## Your objective:
In the listing below, find the line with "Panda Bugelperlen Bild" and the line with "Monumento al Minero.", then return them and every line between them exactly, minus the pictures.

## Task inputs:
━━━━━━━━━━━━━━━━

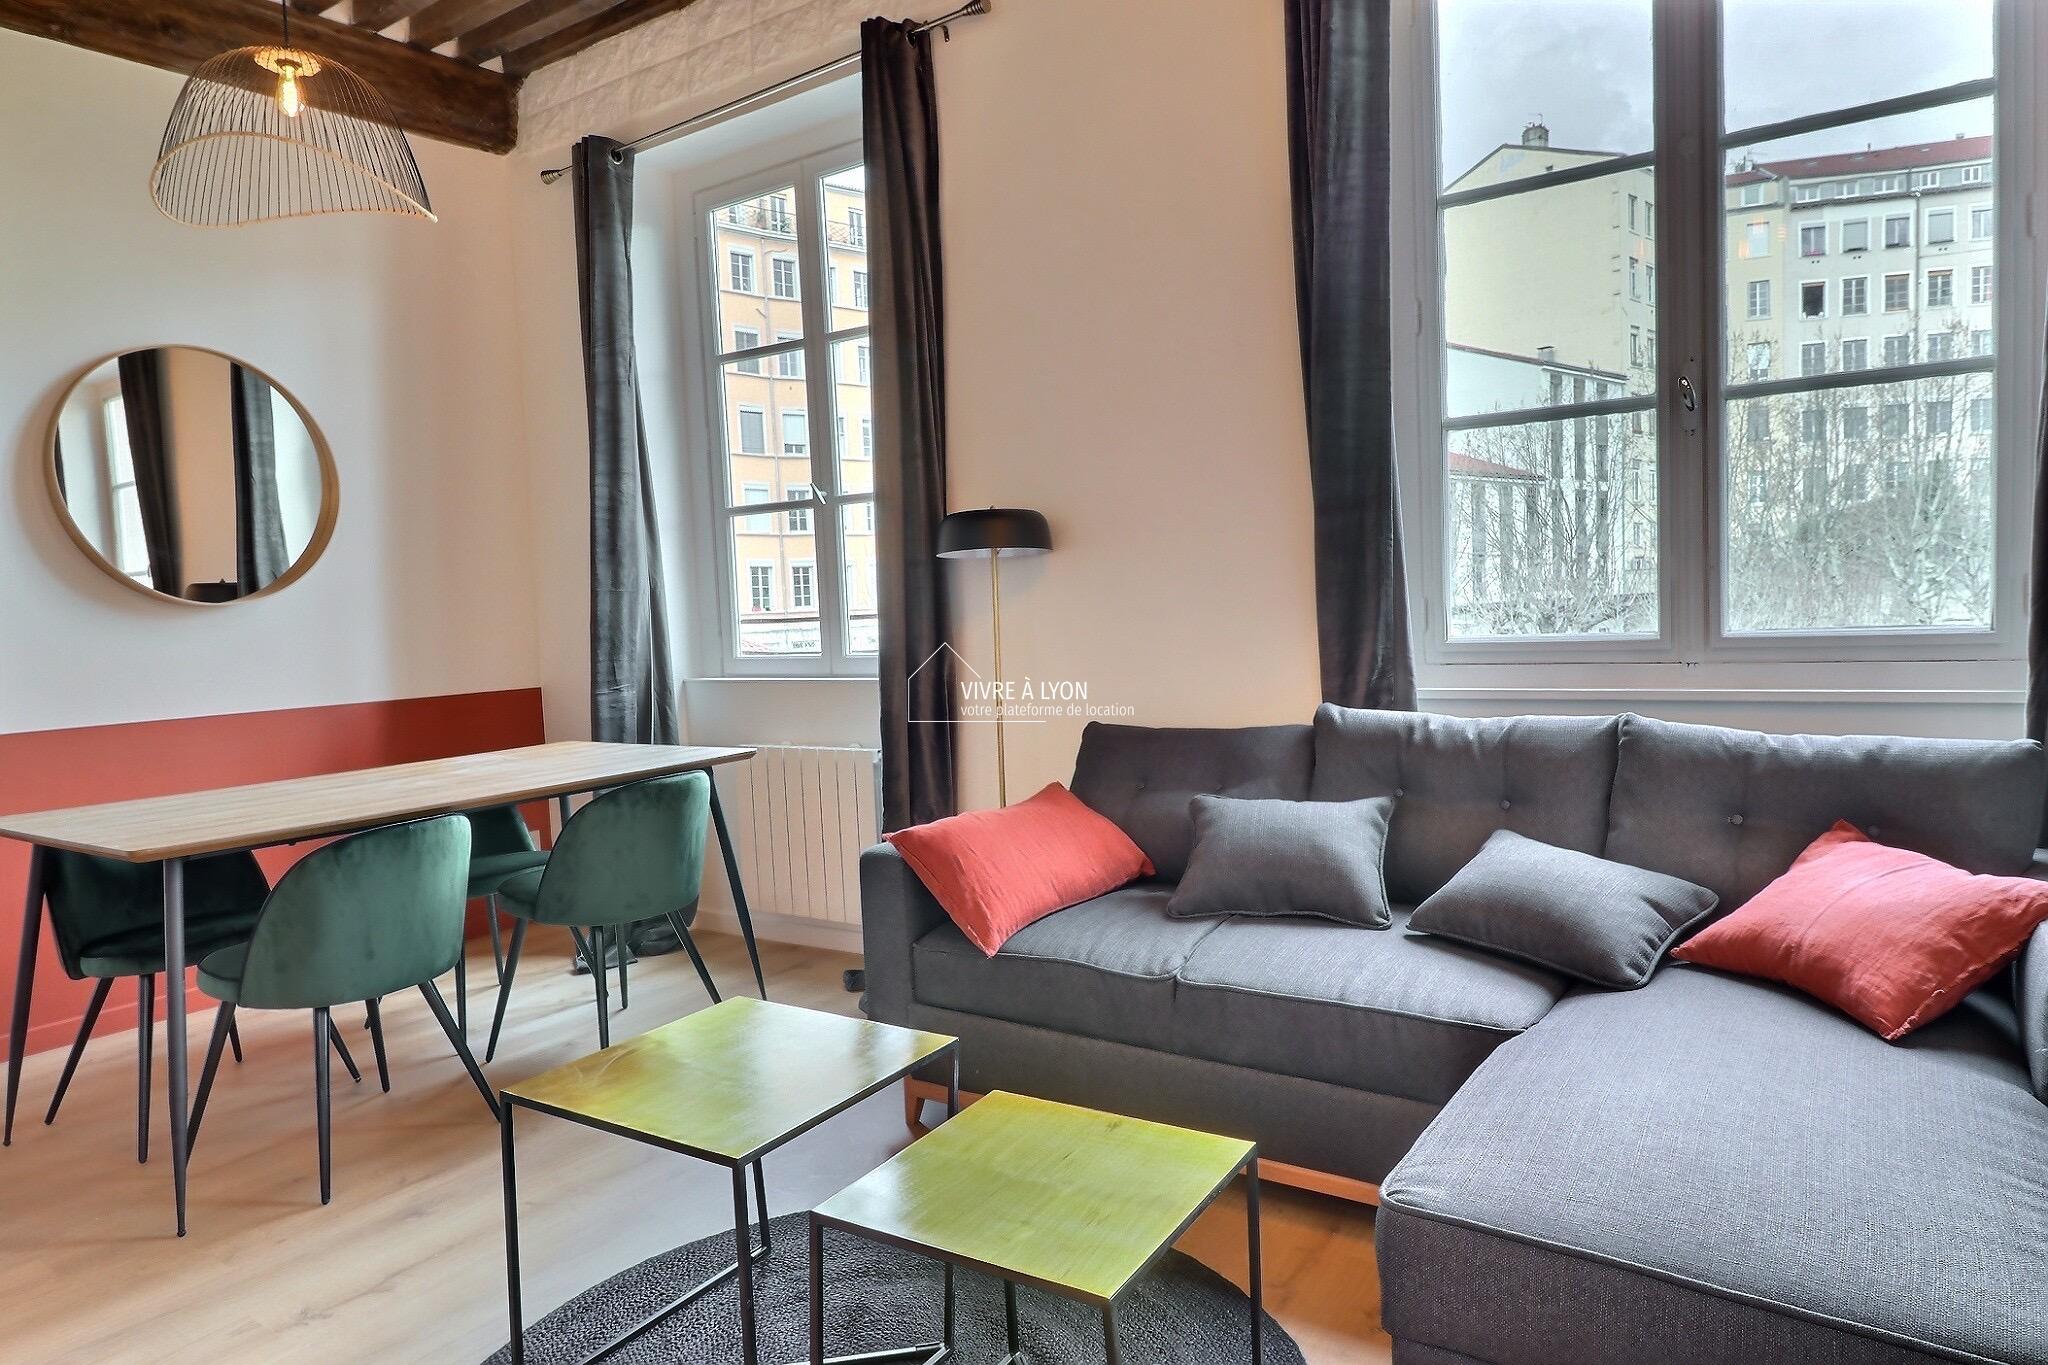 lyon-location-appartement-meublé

━━━━━━━━━━━━━━━━

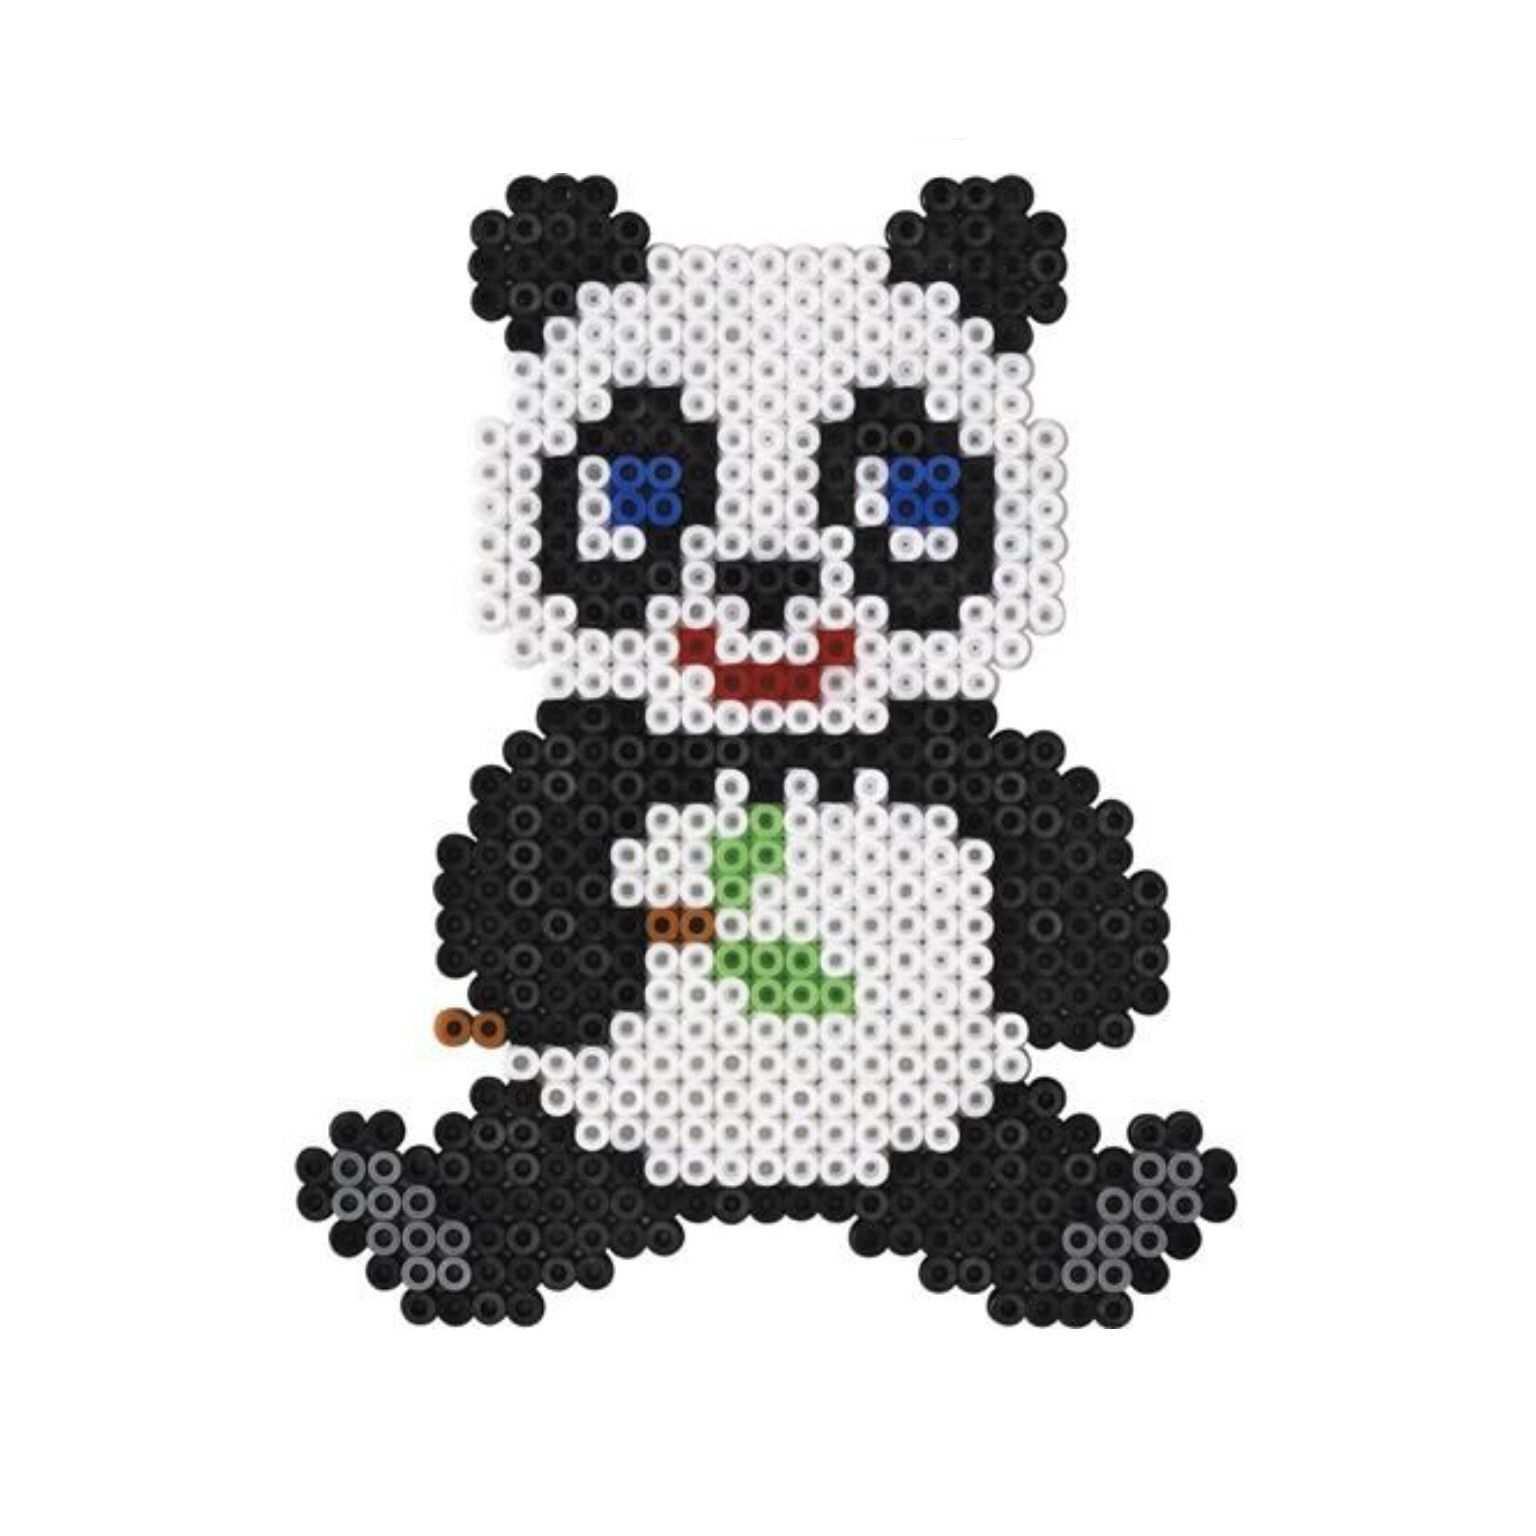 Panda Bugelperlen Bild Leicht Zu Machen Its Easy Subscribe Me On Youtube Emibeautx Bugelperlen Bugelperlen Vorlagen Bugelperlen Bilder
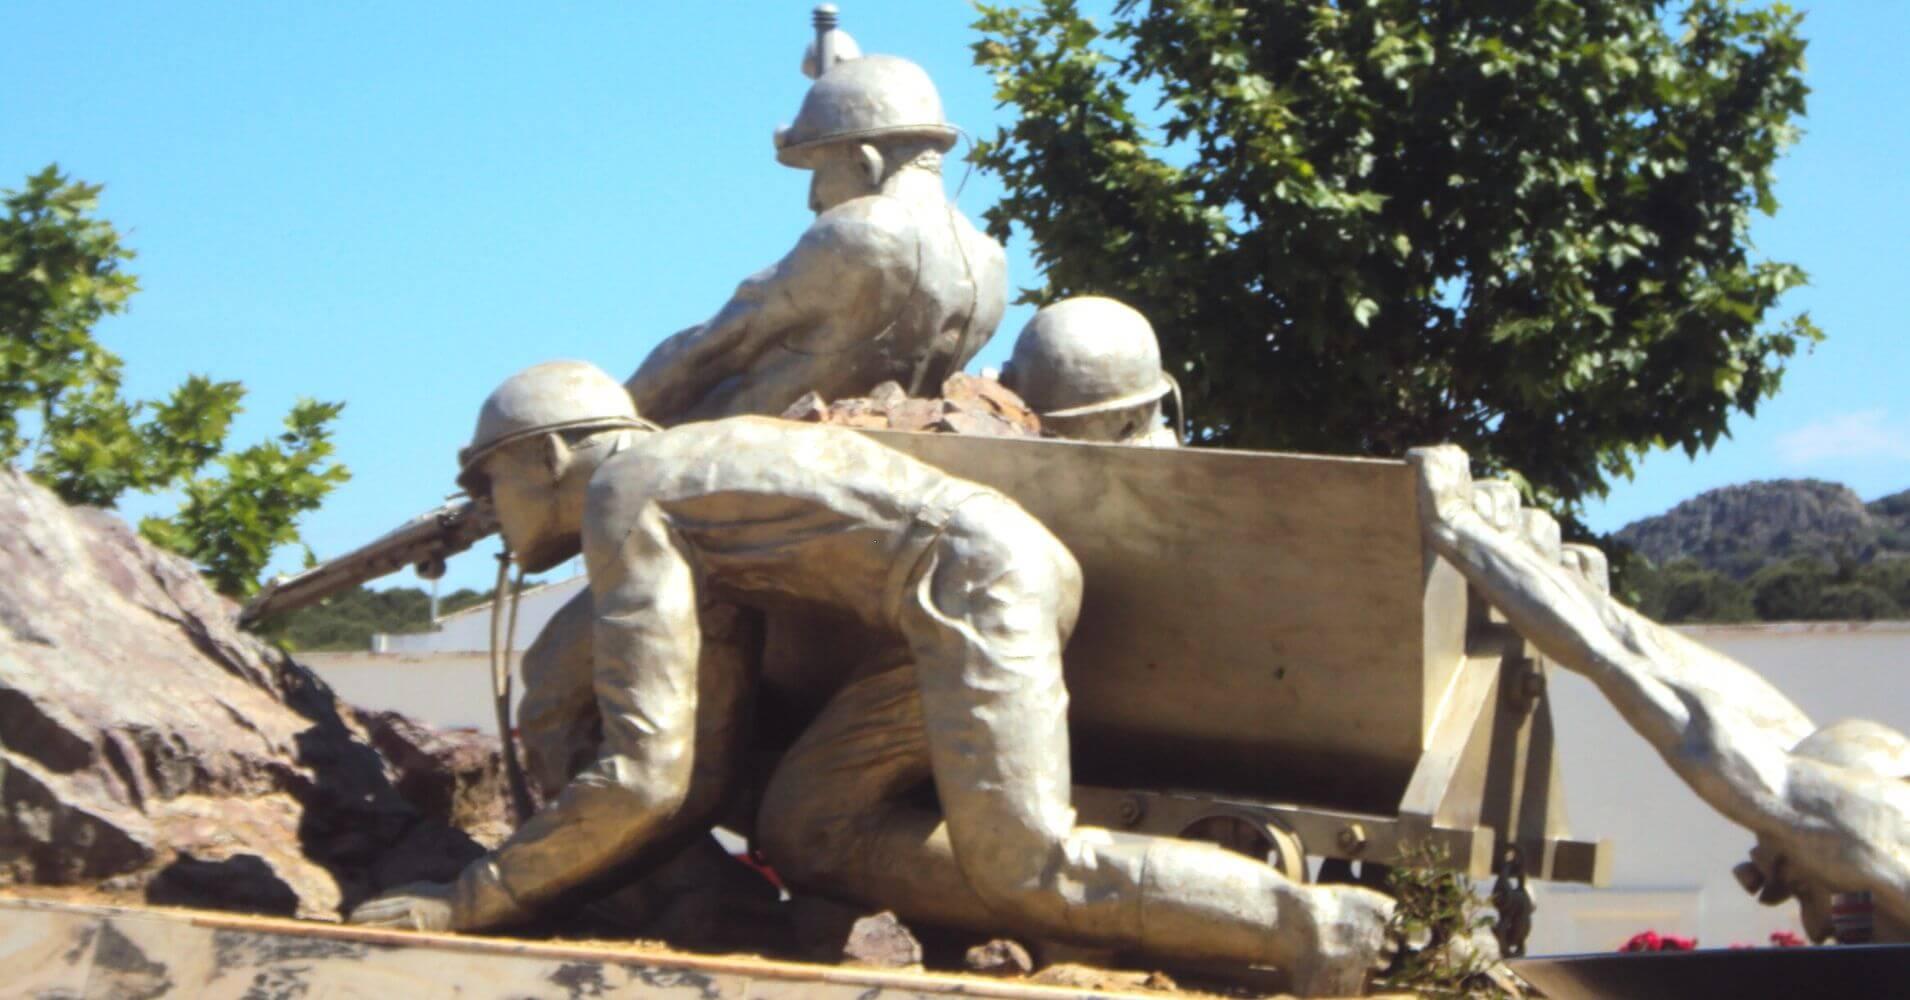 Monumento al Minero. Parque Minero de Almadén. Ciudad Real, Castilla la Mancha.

━━━━━━━━━━━━━━━━

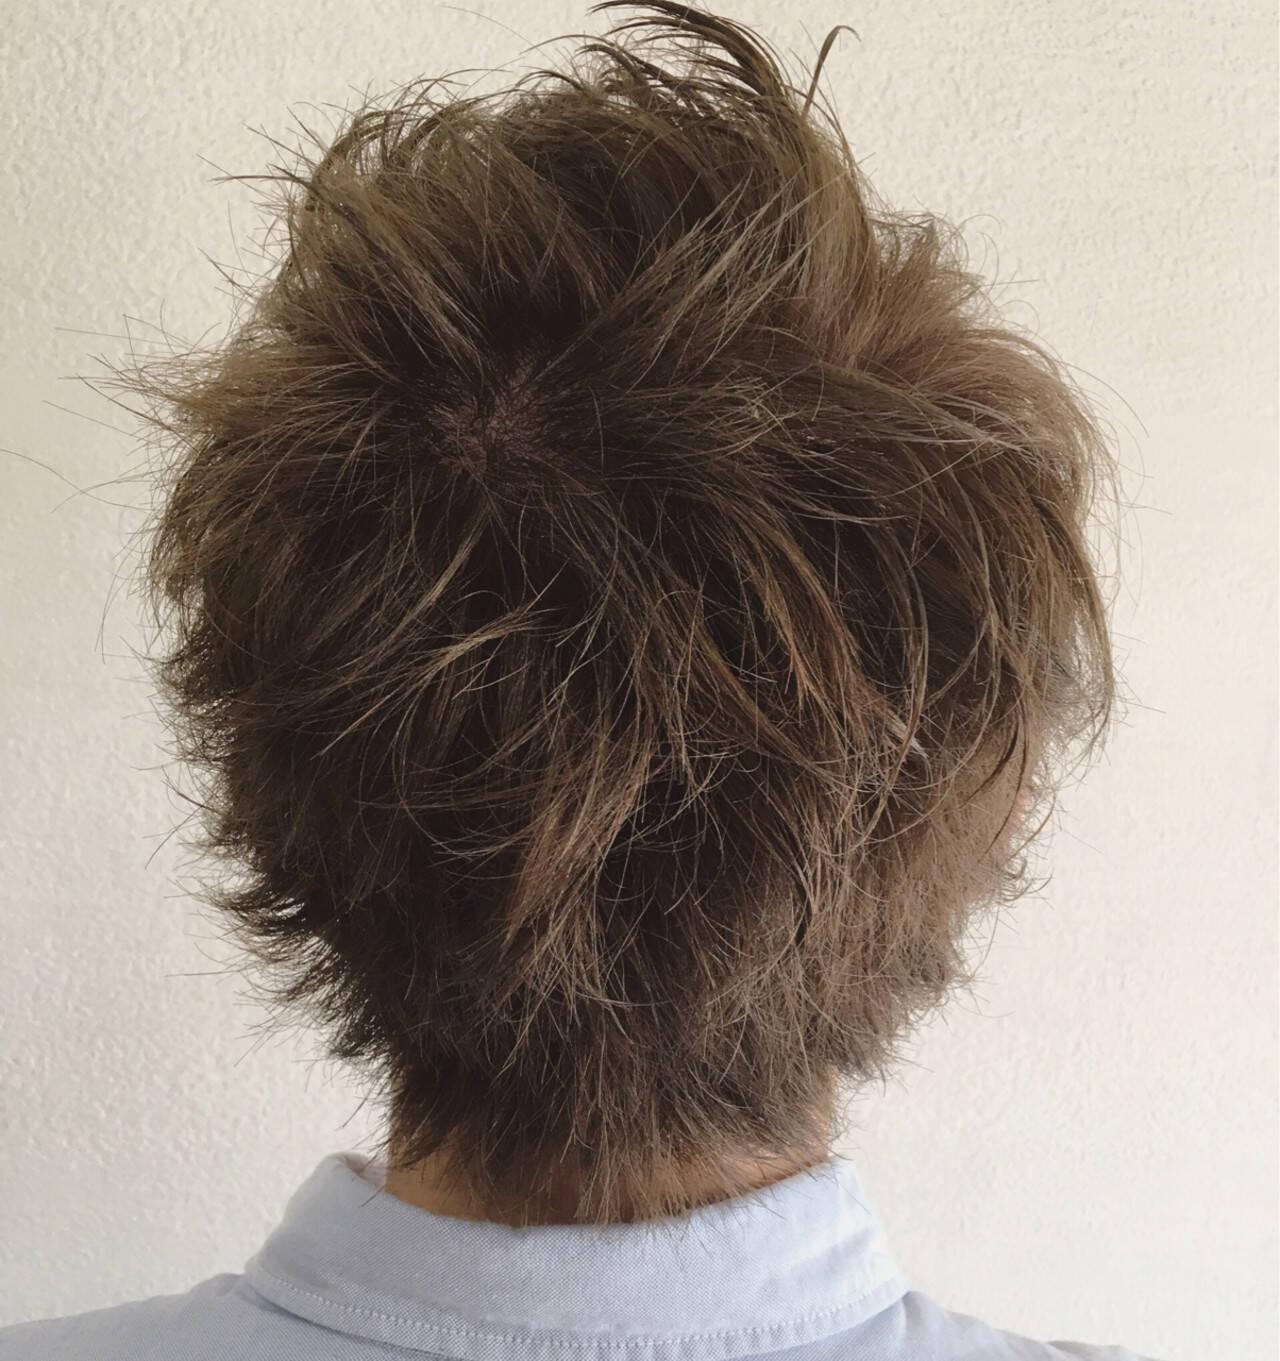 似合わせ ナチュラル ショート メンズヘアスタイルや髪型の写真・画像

━━━━━━━━━━━━━━━━

## Your response:
 Panda Bugelperlen Bild Leicht Zu Machen Its Easy Subscribe Me On Youtube Emibeautx Bugelperlen Bugelperlen Vorlagen Bugelperlen Bilder
 Monumento al Minero. Parque Minero de Almadén. Ciudad Real, Castilla la Mancha.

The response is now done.